##### INPUT DATA

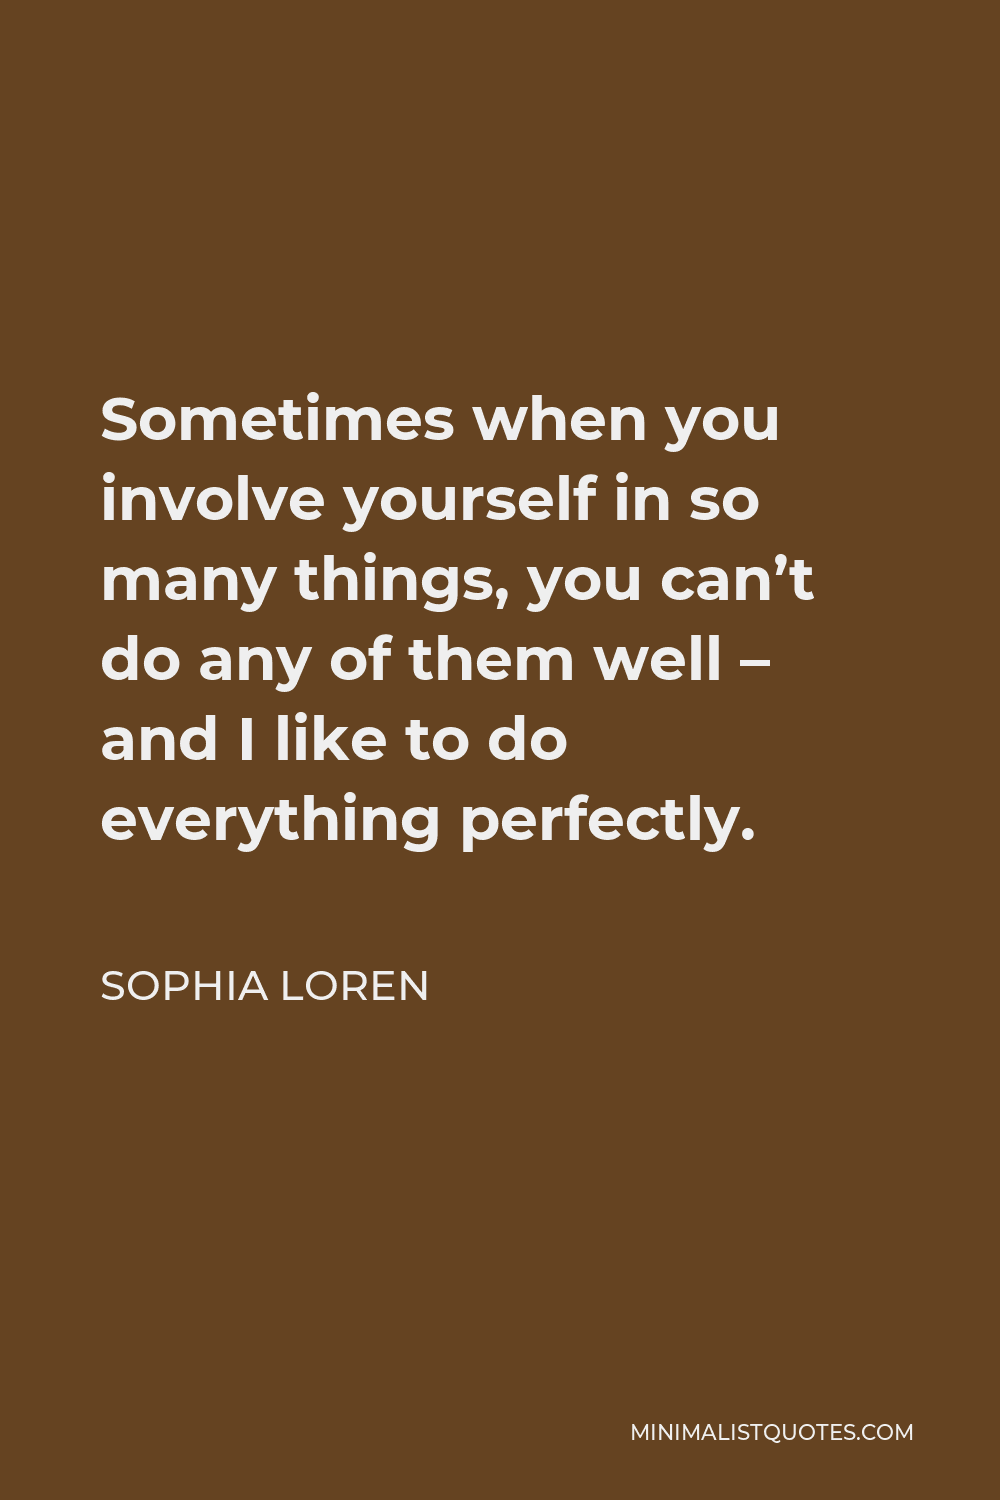 Sophia Loren Quote - Sometimes when you involve yourself in so many things, you can’t do any of them well – and I like to do everything perfectly.
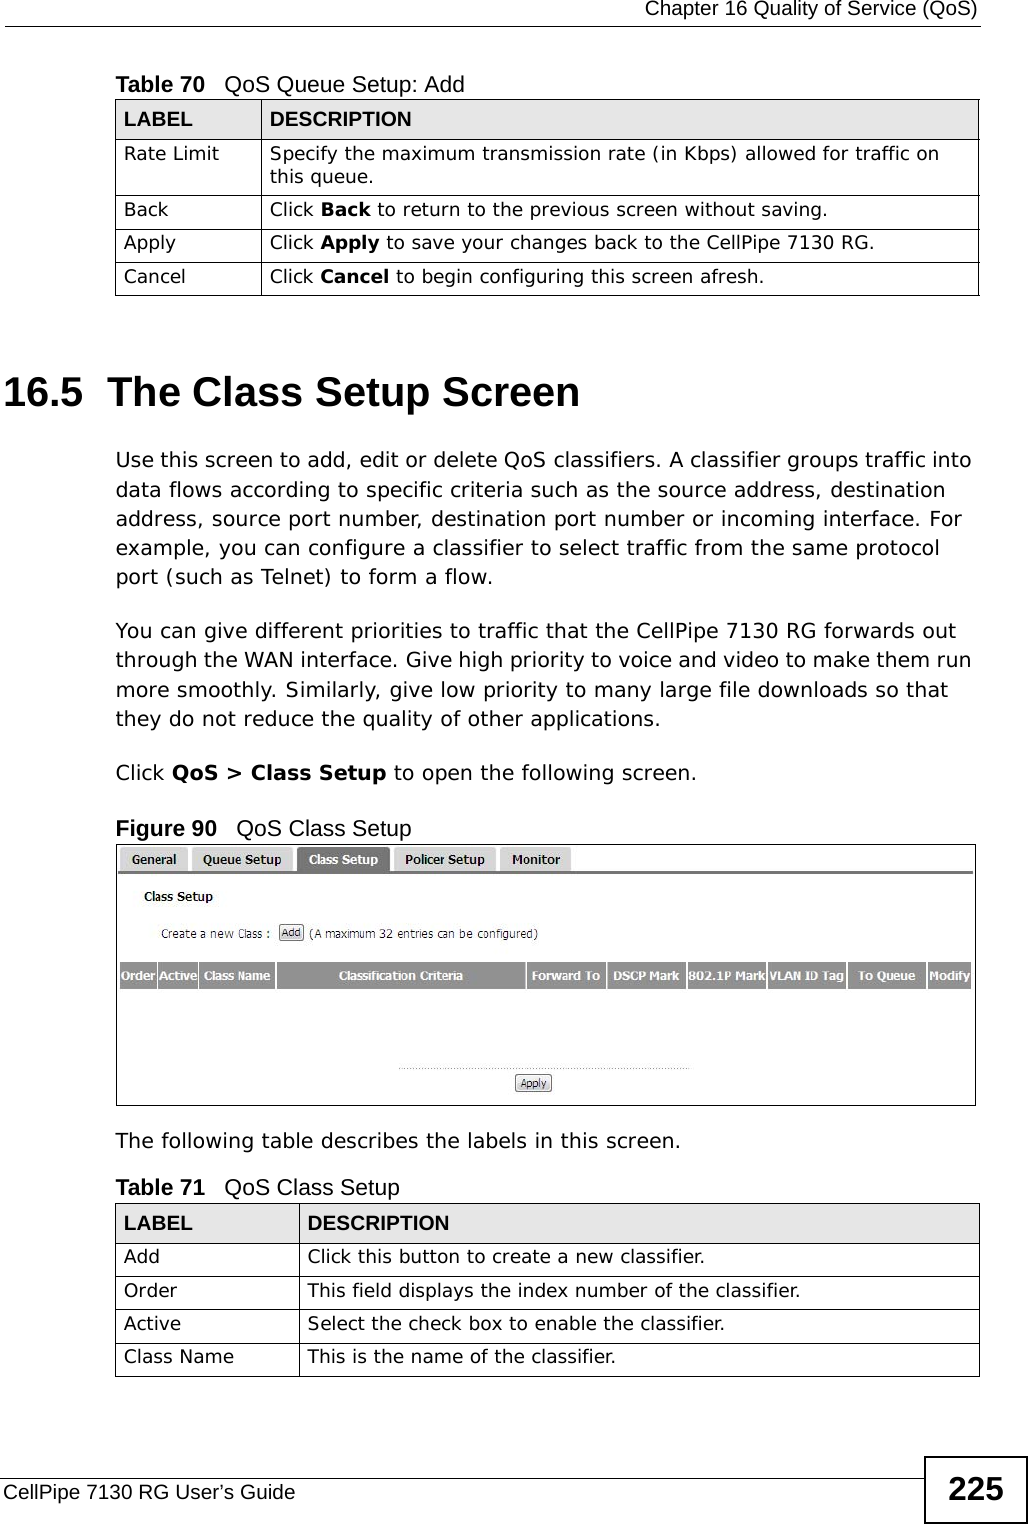  Chapter 16 Quality of Service (QoS)CellPipe 7130 RG User’s Guide 22516.5  The Class Setup Screen   Use this screen to add, edit or delete QoS classifiers. A classifier groups traffic into data flows according to specific criteria such as the source address, destination address, source port number, destination port number or incoming interface. For example, you can configure a classifier to select traffic from the same protocol port (such as Telnet) to form a flow.You can give different priorities to traffic that the CellPipe 7130 RG forwards out through the WAN interface. Give high priority to voice and video to make them run more smoothly. Similarly, give low priority to many large file downloads so that they do not reduce the quality of other applications. Click QoS &gt; Class Setup to open the following screen.Figure 90   QoS Class Setup The following table describes the labels in this screen.  Rate Limit Specify the maximum transmission rate (in Kbps) allowed for traffic on this queue.Back Click Back to return to the previous screen without saving.Apply Click Apply to save your changes back to the CellPipe 7130 RG.Cancel Click Cancel to begin configuring this screen afresh.Table 70   QoS Queue Setup: AddLABEL DESCRIPTIONTable 71   QoS Class SetupLABEL DESCRIPTIONAdd Click this button to create a new classifier.Order  This field displays the index number of the classifier.Active Select the check box to enable the classifier.Class Name This is the name of the classifier.
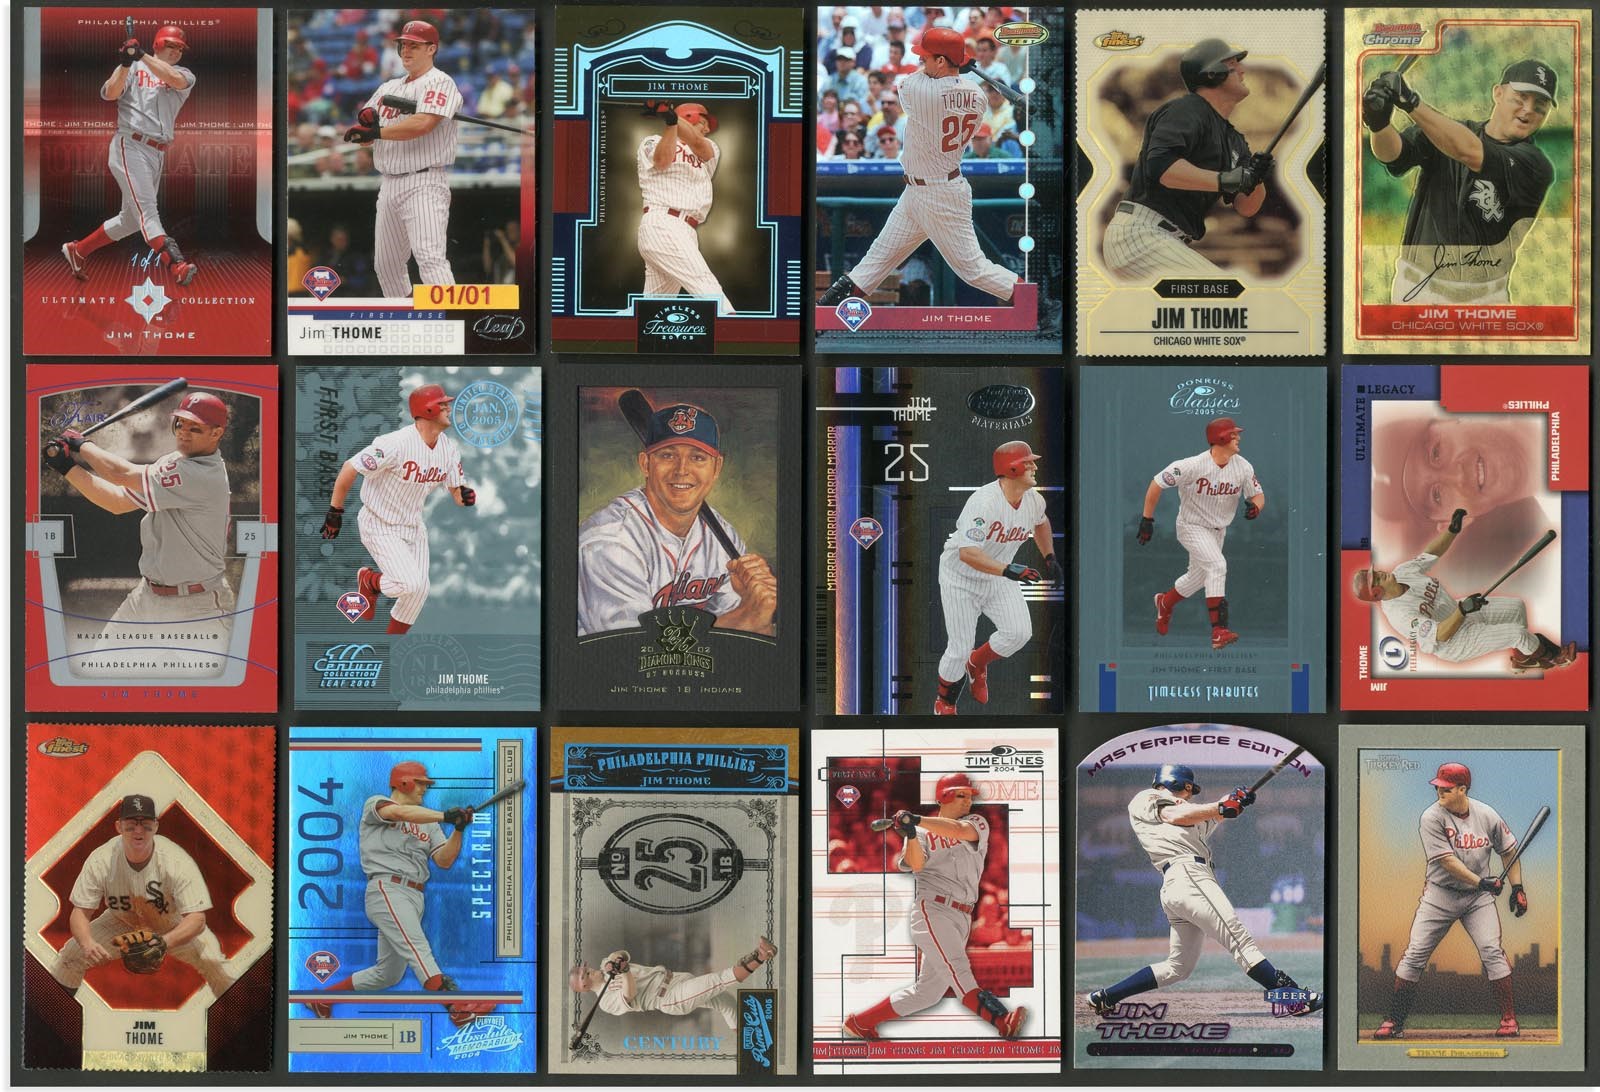 Jim Thome Master Collection - 1999-2008 Jim Thome "1 of 1" Masterpiece Collection w/Four Superfractors (40)
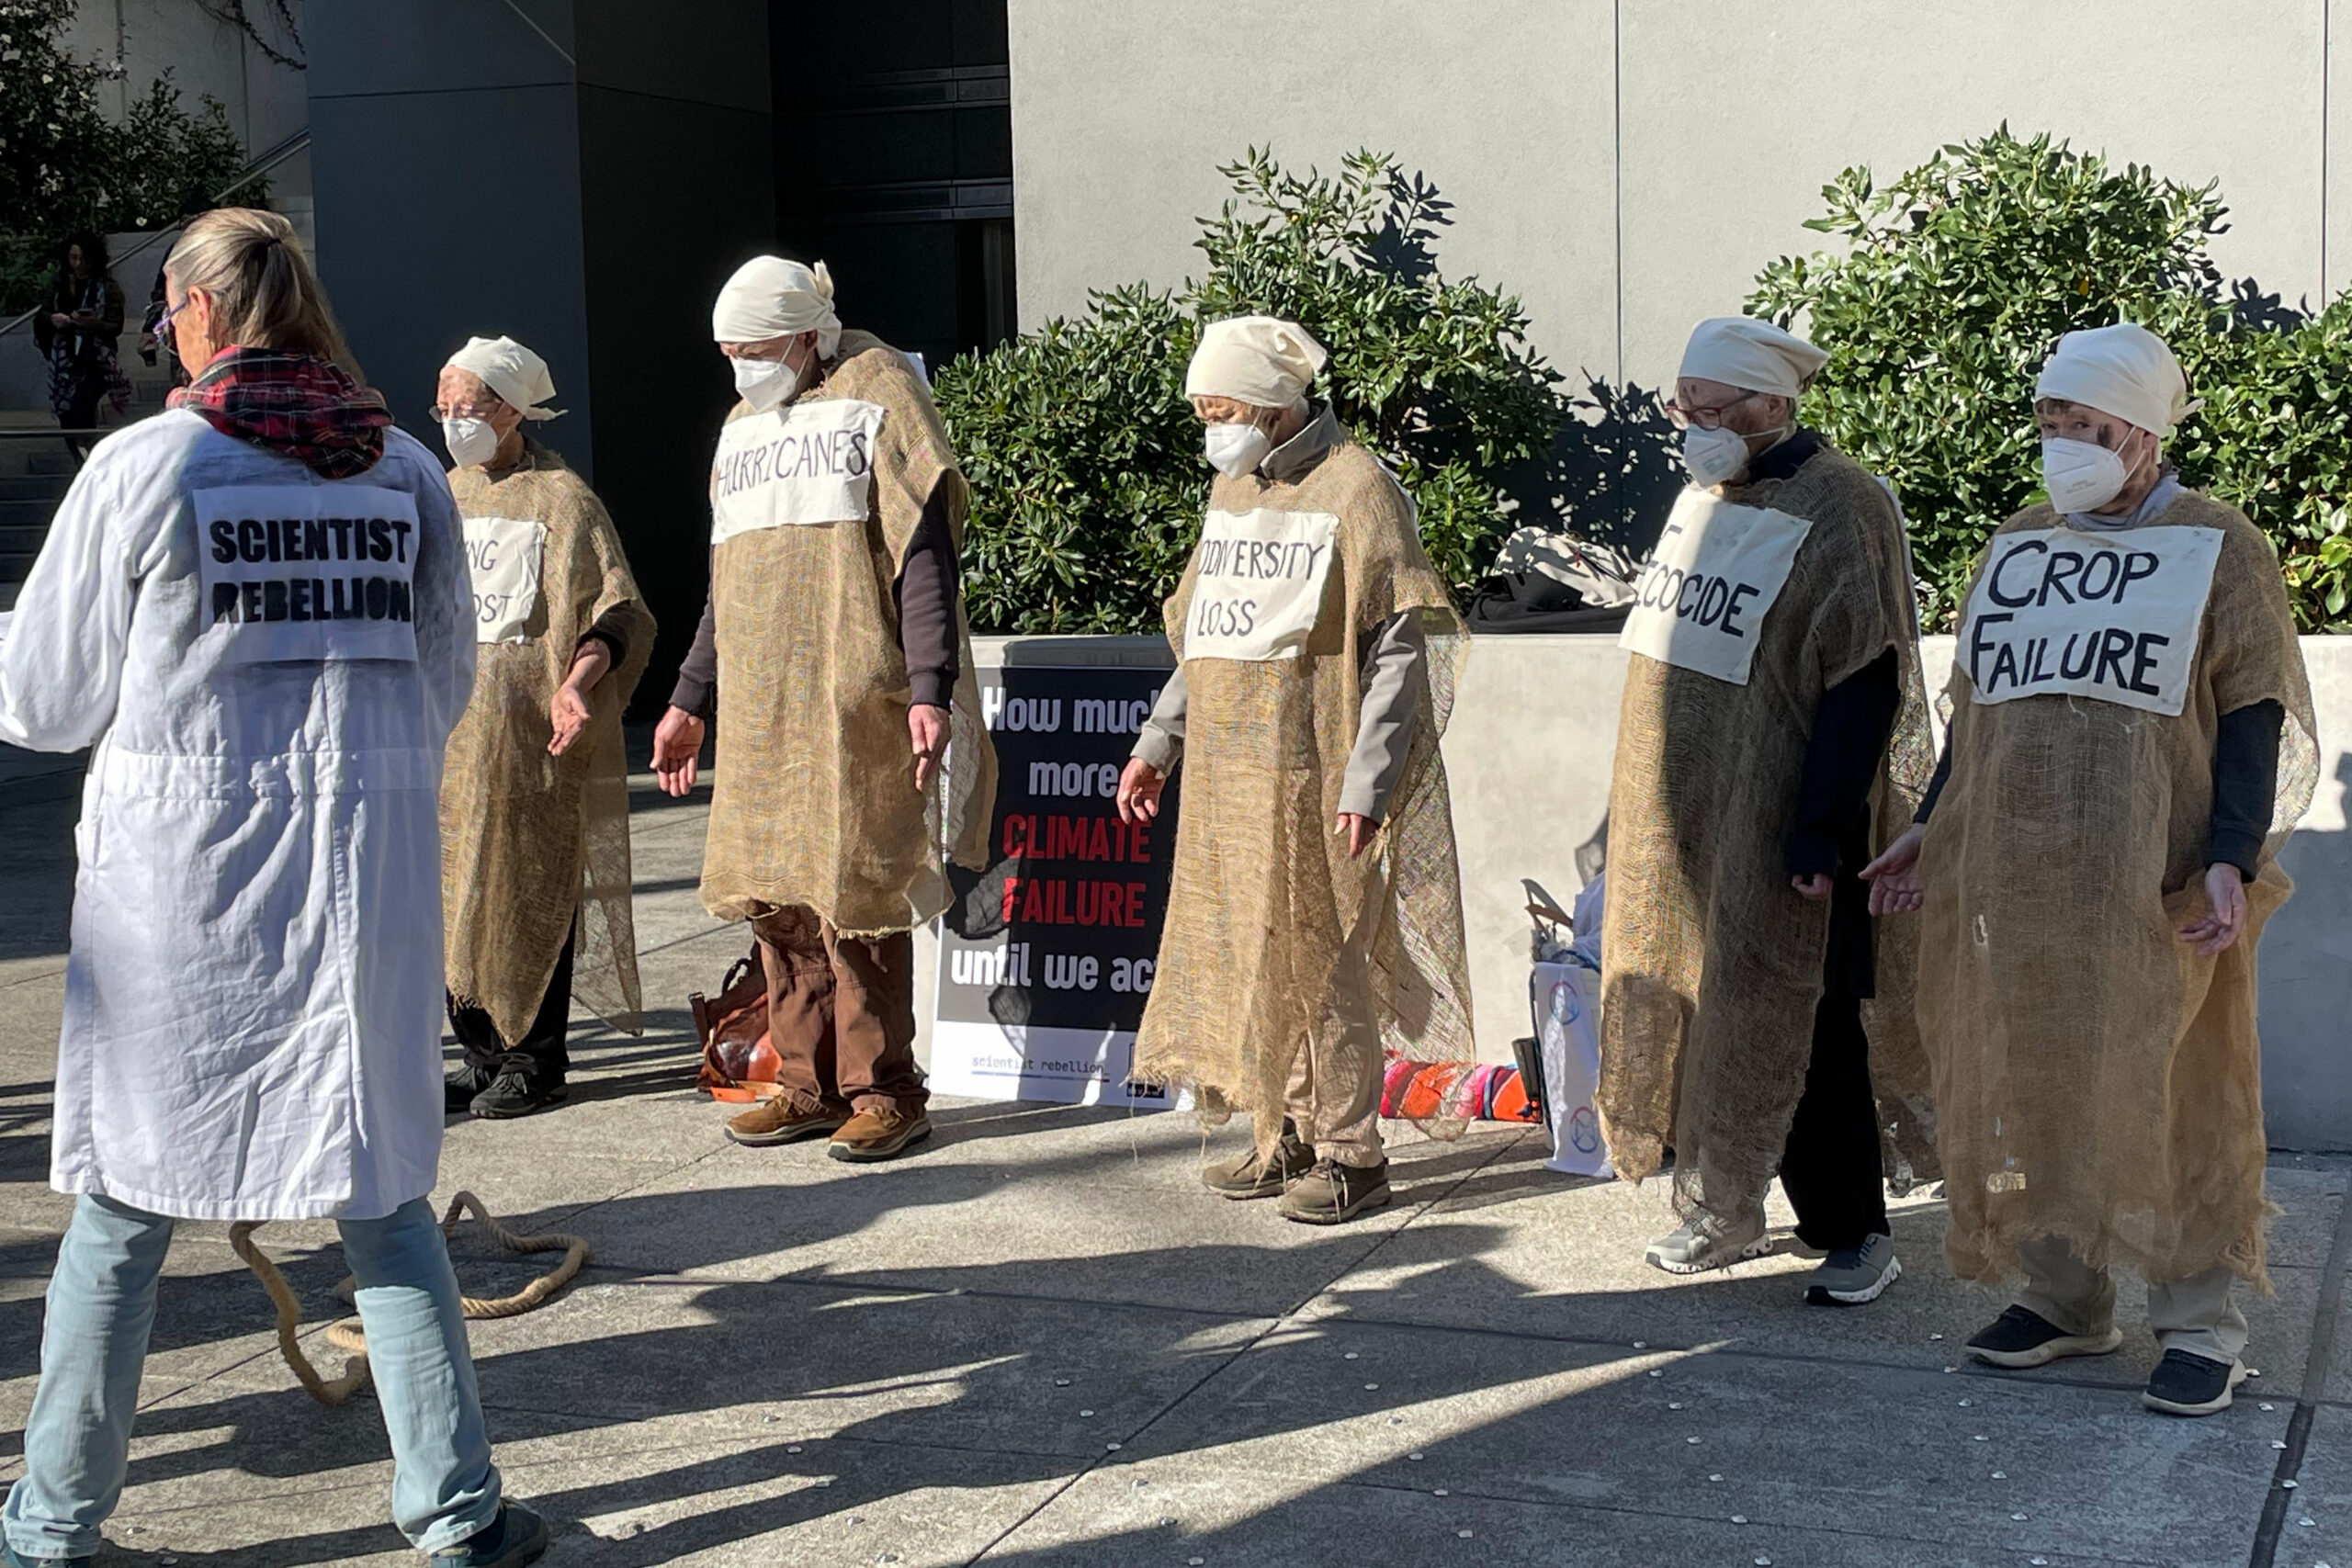 Scientist Rebellion, Extinction Rebellion and other scientist-activist groups staged a play dramatizing the threats fossil fuel development pose to the planet at the American Geophysical Union annual meeting in San Francisco. Credit: Liza Gross/Inside Climate News

##########

= EXERCISE =
Reproduce the material in its entirety and word for word, without the pictures.

= ANSWER TO THE EXERCISE =
 Sophia Loren Quote - Sometimes when you involve yourself in so many things, you can’t do any of them well – and I like to do everything perfectly.
  Chapter 16 Quality of Service (QoS)CellPipe 7130 RG User’s Guide 22516.5  The Class Setup Screen   Use this screen to add, edit or delete QoS classifiers. A classifier groups traffic into data flows according to specific criteria such as the source address, destination address, source port number, destination port number or incoming interface. For example, you can configure a classifier to select traffic from the same protocol port (such as Telnet) to form a flow.You can give different priorities to traffic that the CellPipe 7130 RG forwards out through the WAN interface. Give high priority to voice and video to make them run more smoothly. Similarly, give low priority to many large file downloads so that they do not reduce the quality of other applications. Click QoS &gt; Class Setup to open the following screen.Figure 90   QoS Class Setup The following table describes the labels in this screen.  Rate Limit Specify the maximum transmission rate (in Kbps) allowed for traffic on this queue.Back Click Back to return to the previous screen without saving.Apply Click Apply to save your changes back to the CellPipe 7130 RG.Cancel Click Cancel to begin configuring this screen afresh.Table 70   QoS Queue Setup: AddLABEL DESCRIPTIONTable 71   QoS Class SetupLABEL DESCRIPTIONAdd Click this button to create a new classifier.Order  This field displays the index number of the classifier.Active Select the check box to enable the classifier.Class Name This is the name of the classifier.
 Jim Thome Master Collection - 1999-2008 Jim Thome "1 of 1" Masterpiece Collection w/Four Superfractors (40)
 Scientist Rebellion, Extinction Rebellion and other scientist-activist groups staged a play dramatizing the threats fossil fuel development pose to the planet at the American Geophysical Union annual meeting in San Francisco. Credit: Liza Gross/Inside Climate News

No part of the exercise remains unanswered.